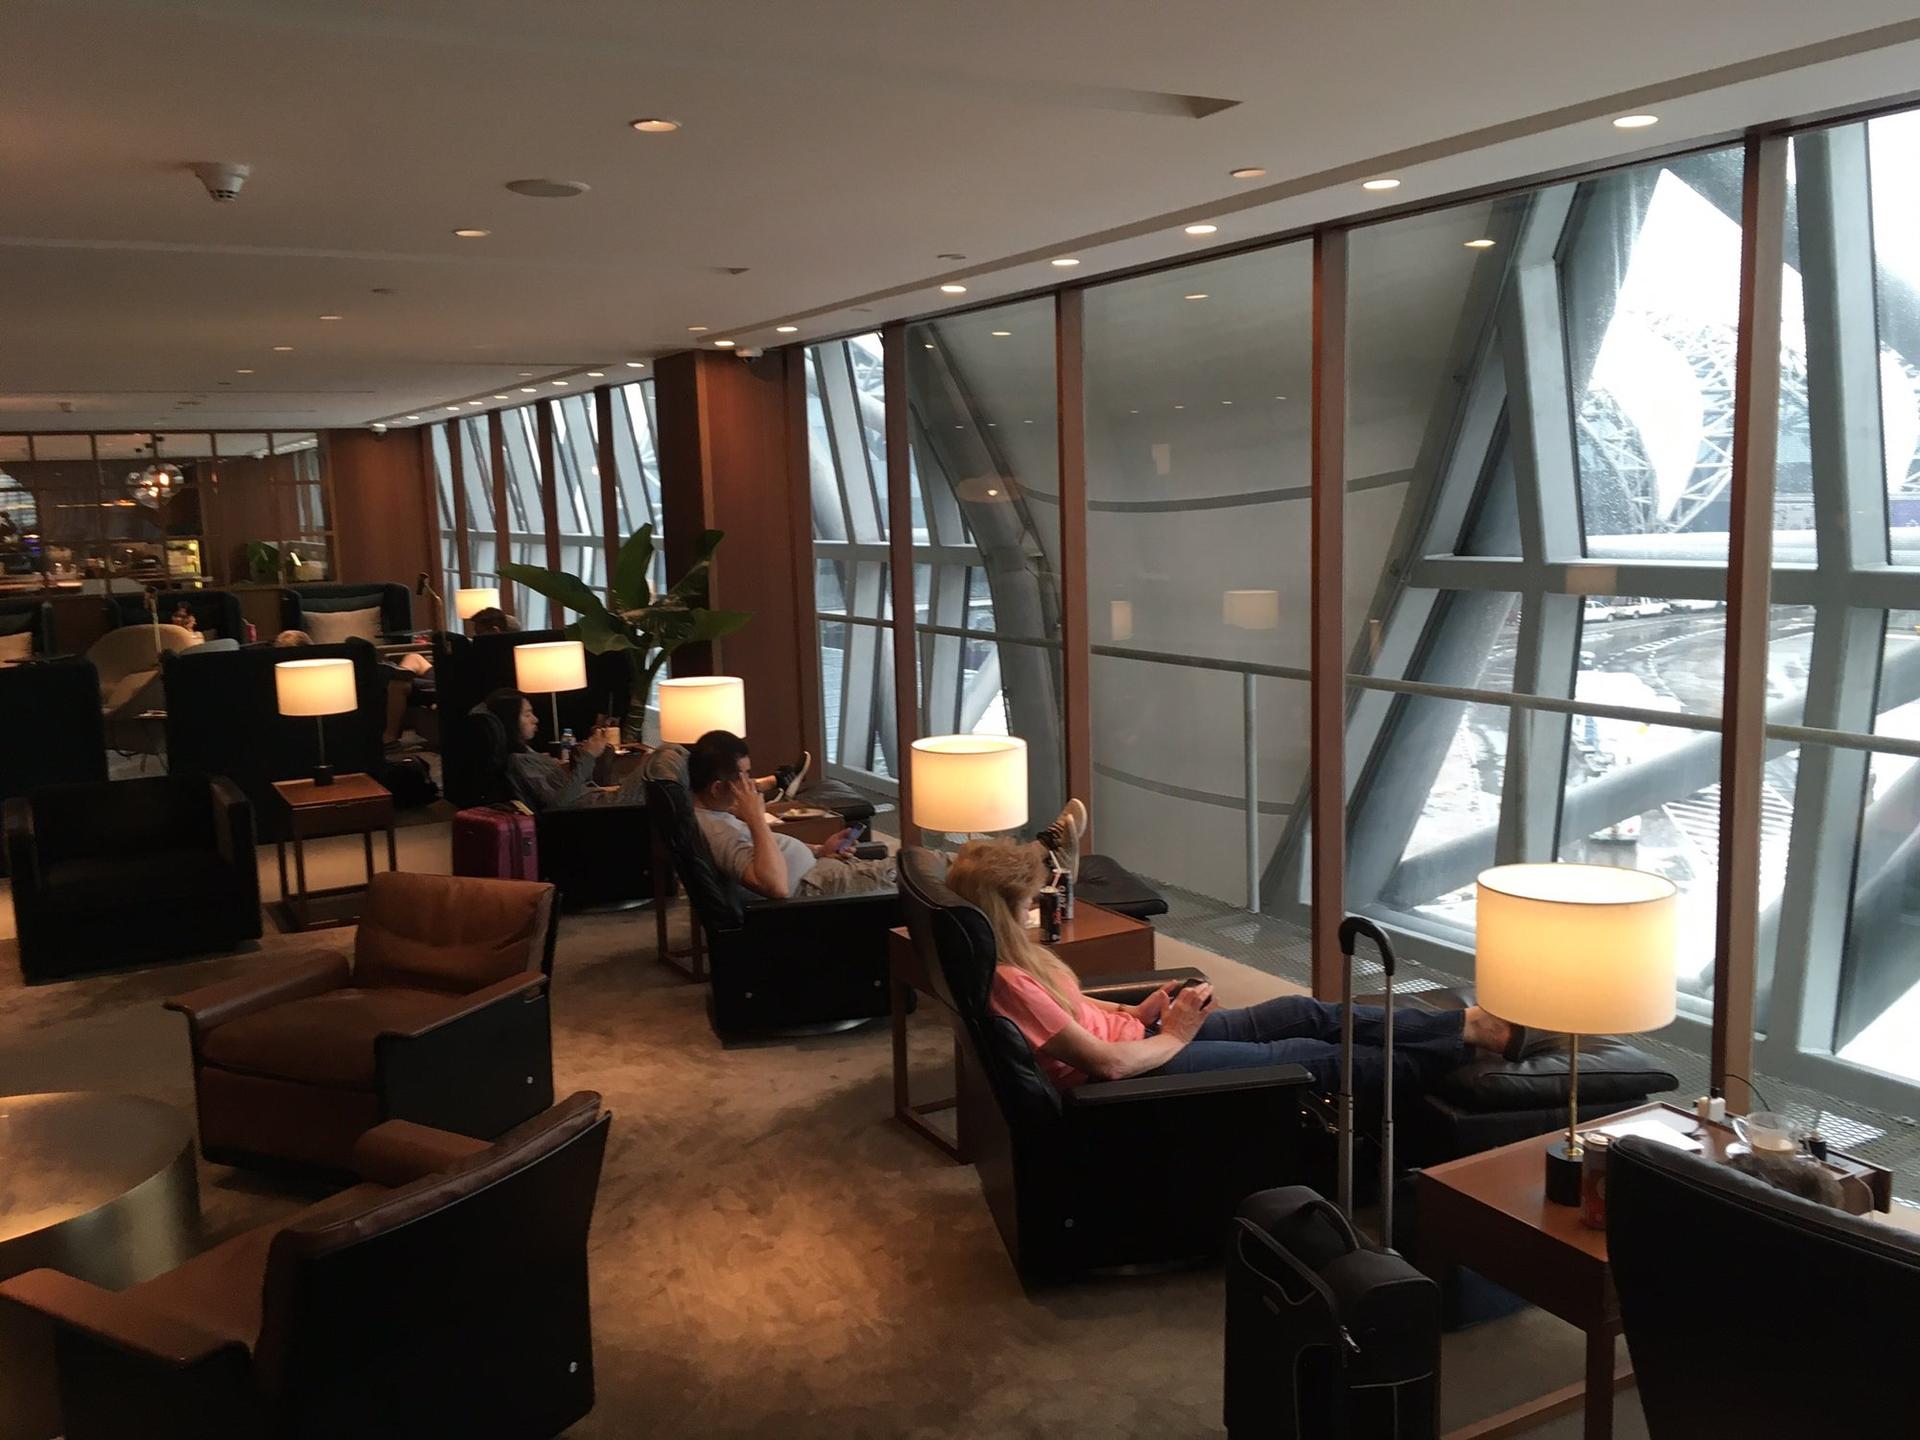 Cathay Pacific First and Business Class Lounge image 55 of 69
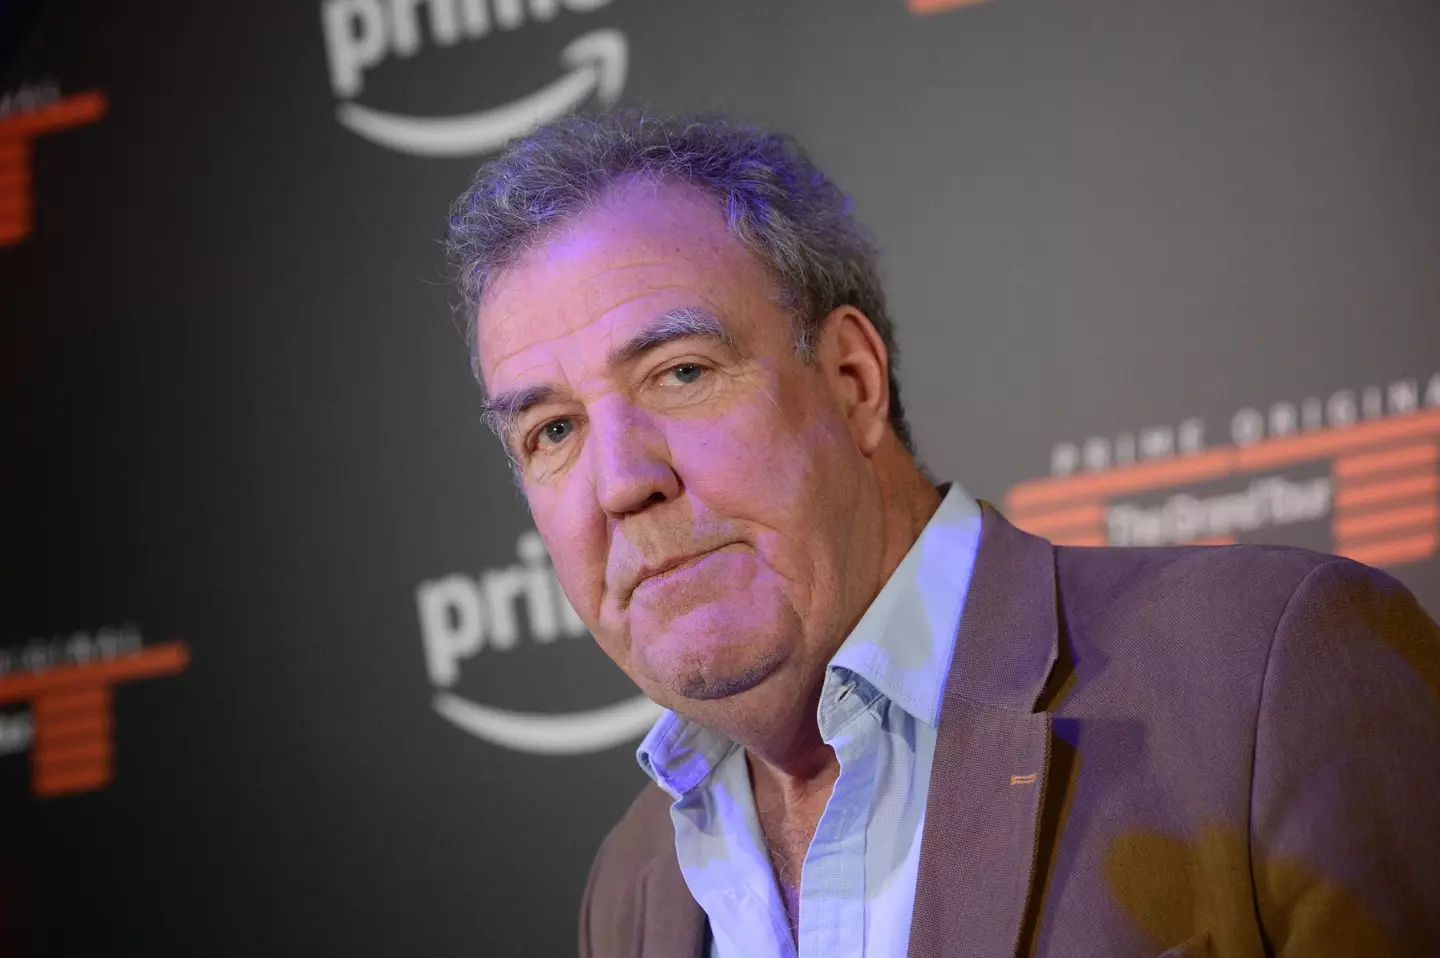 Jeremy Clarkson says that he's emailed Prince Harry and Meghan Markle after his controversial column in The Sun.
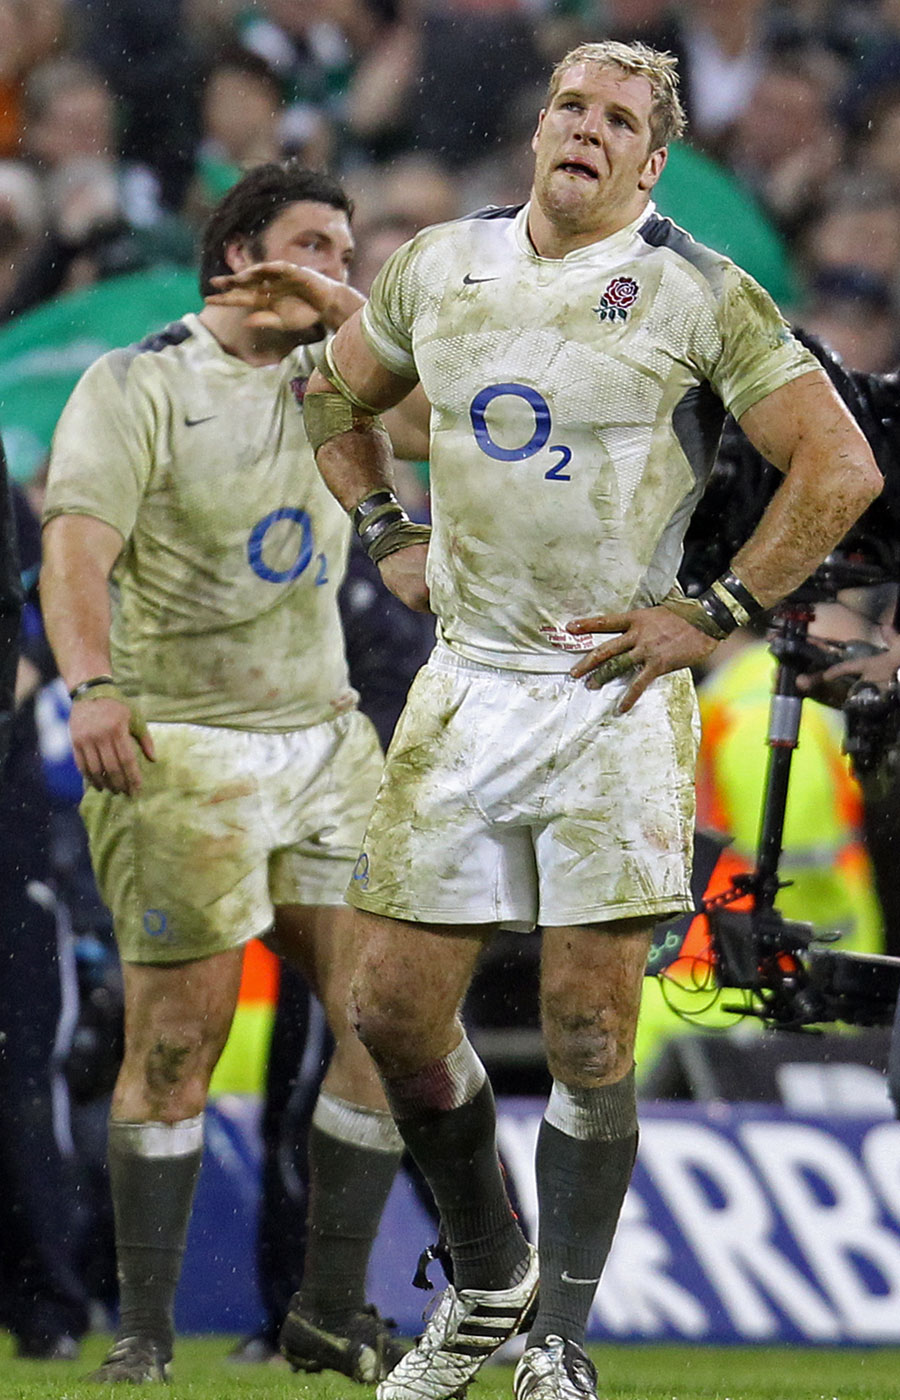 England's James Haskell reflects on the defeat to Ireland
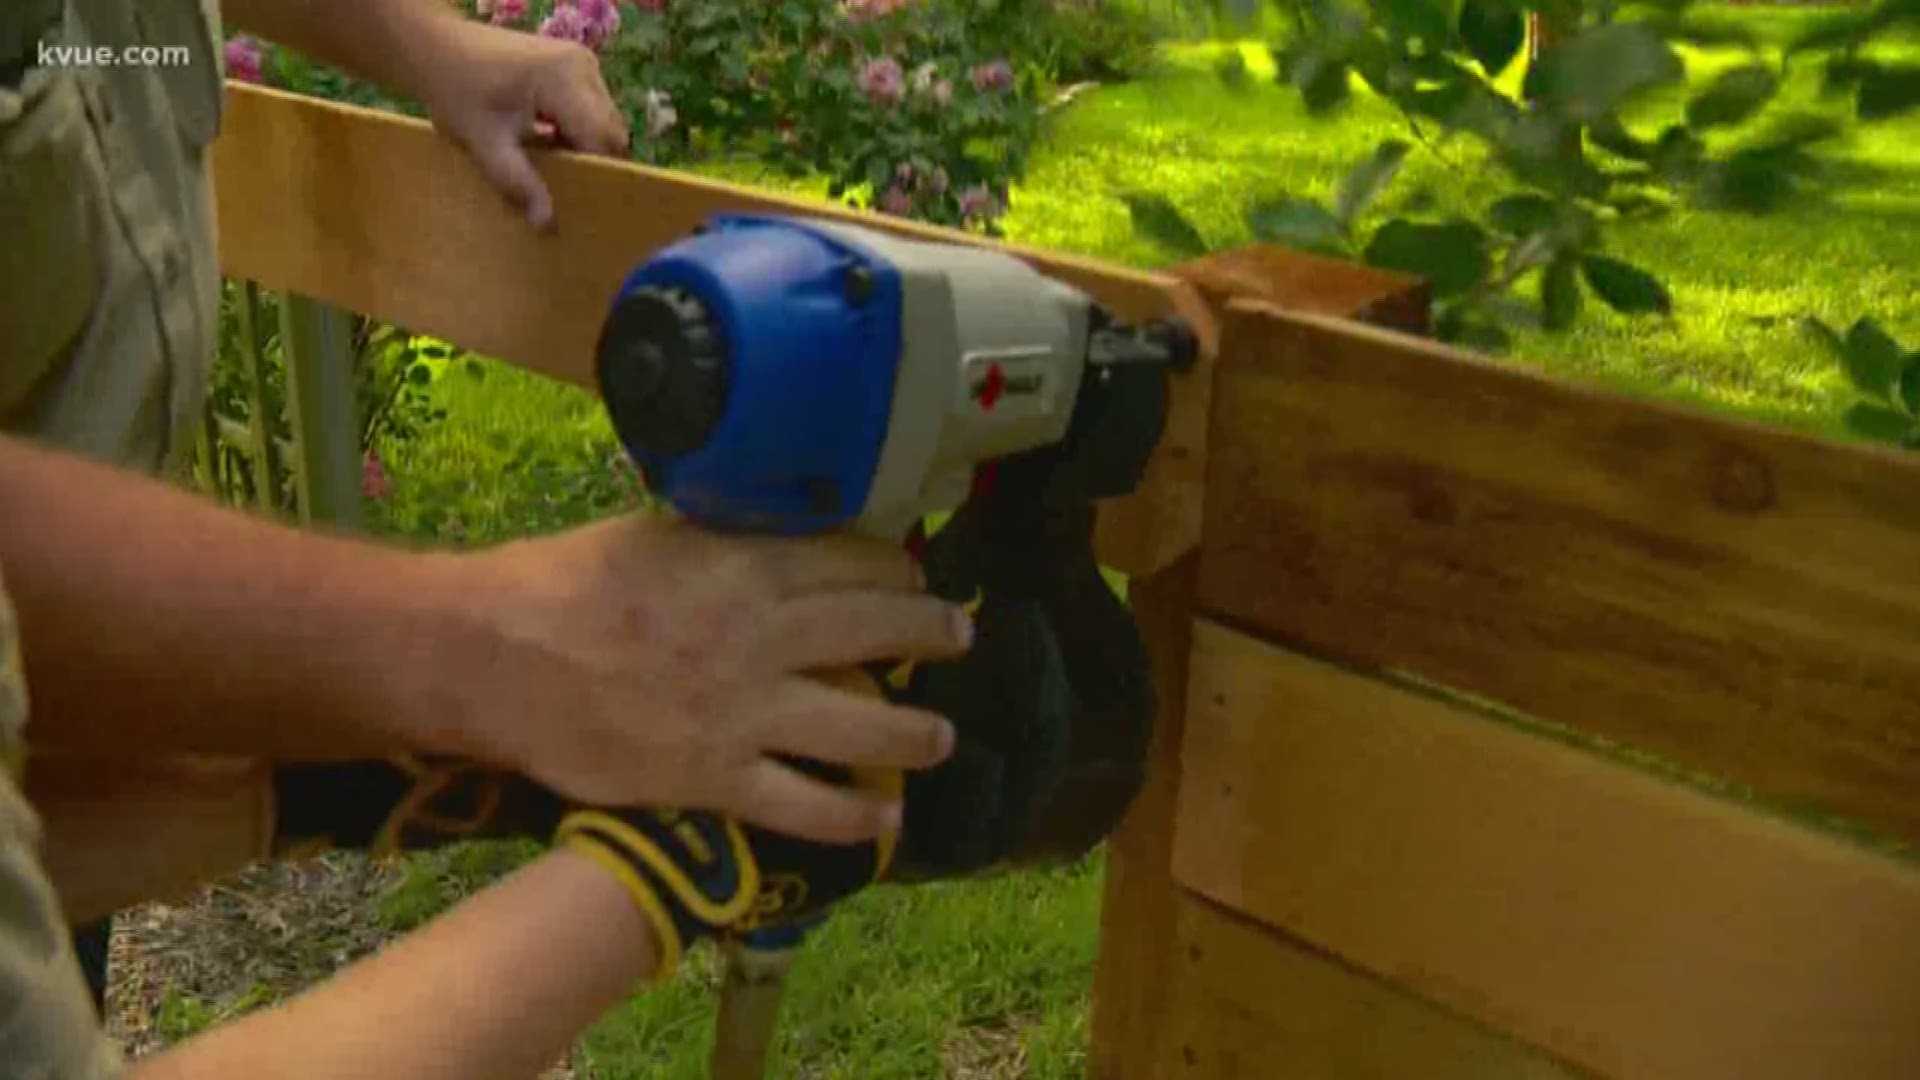 KVUE's Yvonne Nava learns how to build a fence from scratch.

▶ **Goal of the exercise**
Nothing but the pictures is to be left out; repeat the data exactly.

▶ **Response to the task**
 Cathay Pacific First and Business Class Lounge image 55 of 69
 Jeremy Clarkson says that he's emailed Prince Harry and Meghan Markle after his controversial column in The Sun.
 England's James Haskell reflects on the defeat to Ireland
 KVUE's Yvonne Nava learns how to build a fence from scratch.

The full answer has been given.